Aux tentations intellectuelles Poggei ajoute habilement, en dernier lieu, celles de la matière, l’or, les splendeurs de la vie et des dignités ; il fait appel à la vanité et aux sens de Cosma Grechi. Celui-ci l’écoute absorbé, la tête entre les deux mains, et le laisse recommencer en d’autres termes. À la fin, il discute, se défend, parle de sa vertu, de son honneur… Poggei est trop fin pour s’y tromper. Il sait qu’il en est de la conscience de l’homme comme de l’honnêteté de la femme : quiconque s’éloigne aux premières paroles de tentation, sans discuter, sans en vouloir entendre davantage, est vraiment incorruptible ; mais quand on consent à écouter les argumens de l’adversaire, quand on s’abaisse à les combattre, on est vaincu d’avance, alors même qu’on souhaiterait encore de ne pas succomber.

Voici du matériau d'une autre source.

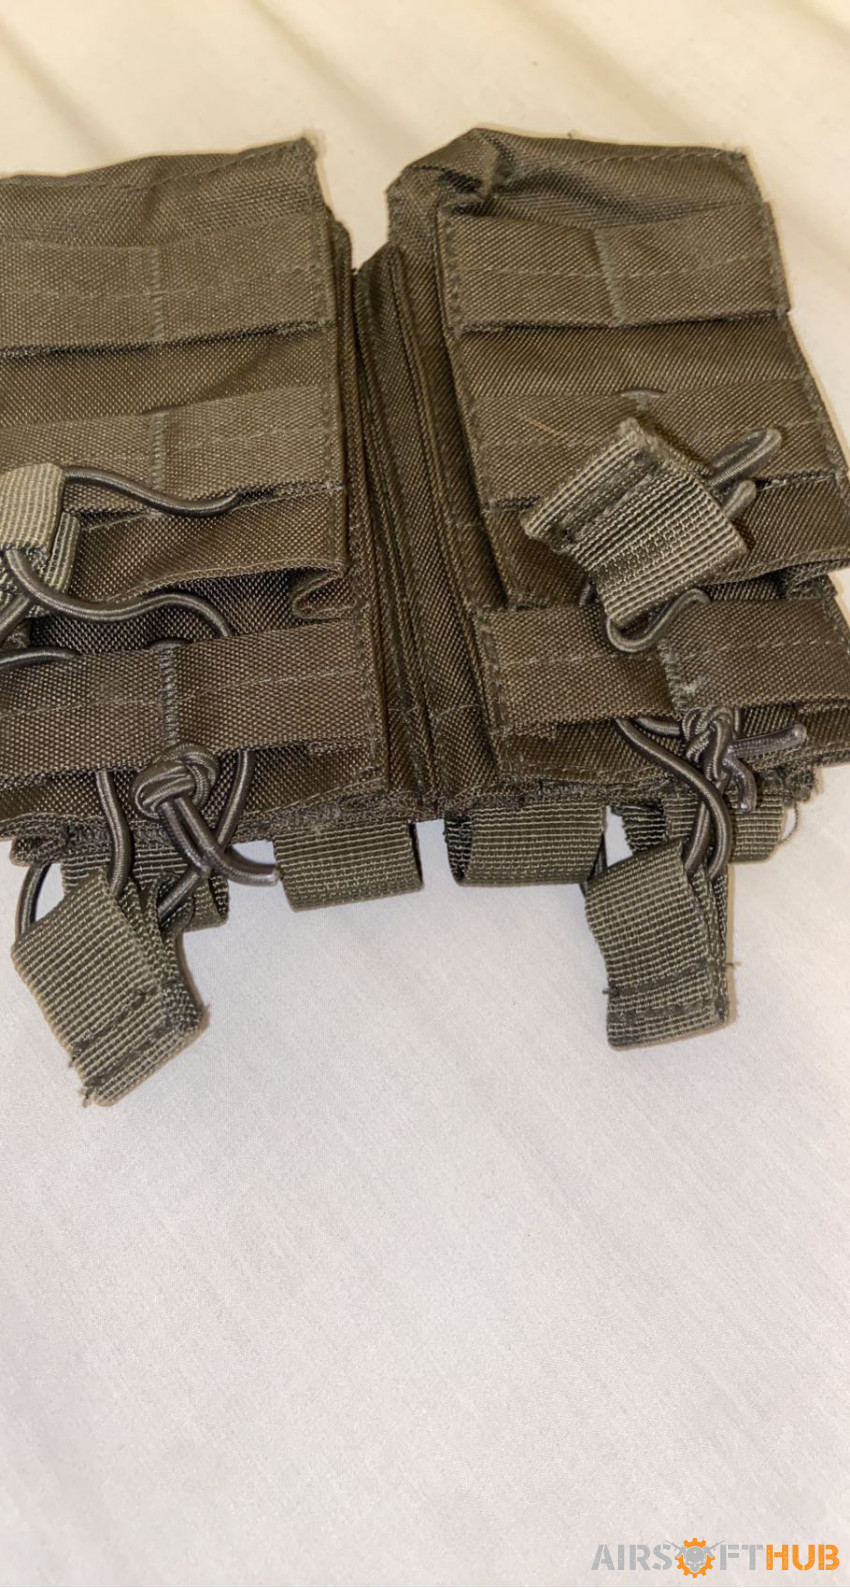 Viper tactical m4 mag pouch - Used airsoft equipment

Deux jours après cet entretien, Cosma Grechi habitait un fastueux appartement et paraissait splendidement vêtu dans les rues, à la grande surprise de ceux qui avaient remarqué sa détresse pour en gémir ou s’en moquer. En même temps le journal de Poggei publiait de brillans articles du révolutionnaire converti sur les révolutionnaires à convertir. Cette volte-face se fit du reste avec ménagement et par gradation. Grechi garda d’abord les apparences d’un libéralisme inclinant vers la gauche, et peut-être croyait-il pouvoir s’arrêter ainsi à moitié chemin de la palinodie. Ses patrons laissèrent prudemment aller les choses, et en peu de jours, excité par la polémique, par les accusations des partis, par les exigences et les reproches des moins perspicaces de ses nouveaux amis, Cosma en vint à brûler sans pudeur tout ce qu’il avait adoré. Il ne faut pas s’y tromper : s’il souffrit quelque temps, il fut bientôt sincère dans sa foi nouvelle et crut remplir un devoir. La prospérité, l’accueil qu’il recevait dans les meilleures sociétés du monde officiel, les égards dont l’entouraient, les conseils que lui demandaient presque avec déférence ceux qui sentaient avoir besoin de lui, toutes les jouissances du bien-être et de la vanité satisfaite achevèrent de le réconcilier avec lui-même. Pour prix de ses services, il obtint une place importante dans les bureaux du ministère où il figurait, quinze ans auparavant, comme l’un des plus humbles employés.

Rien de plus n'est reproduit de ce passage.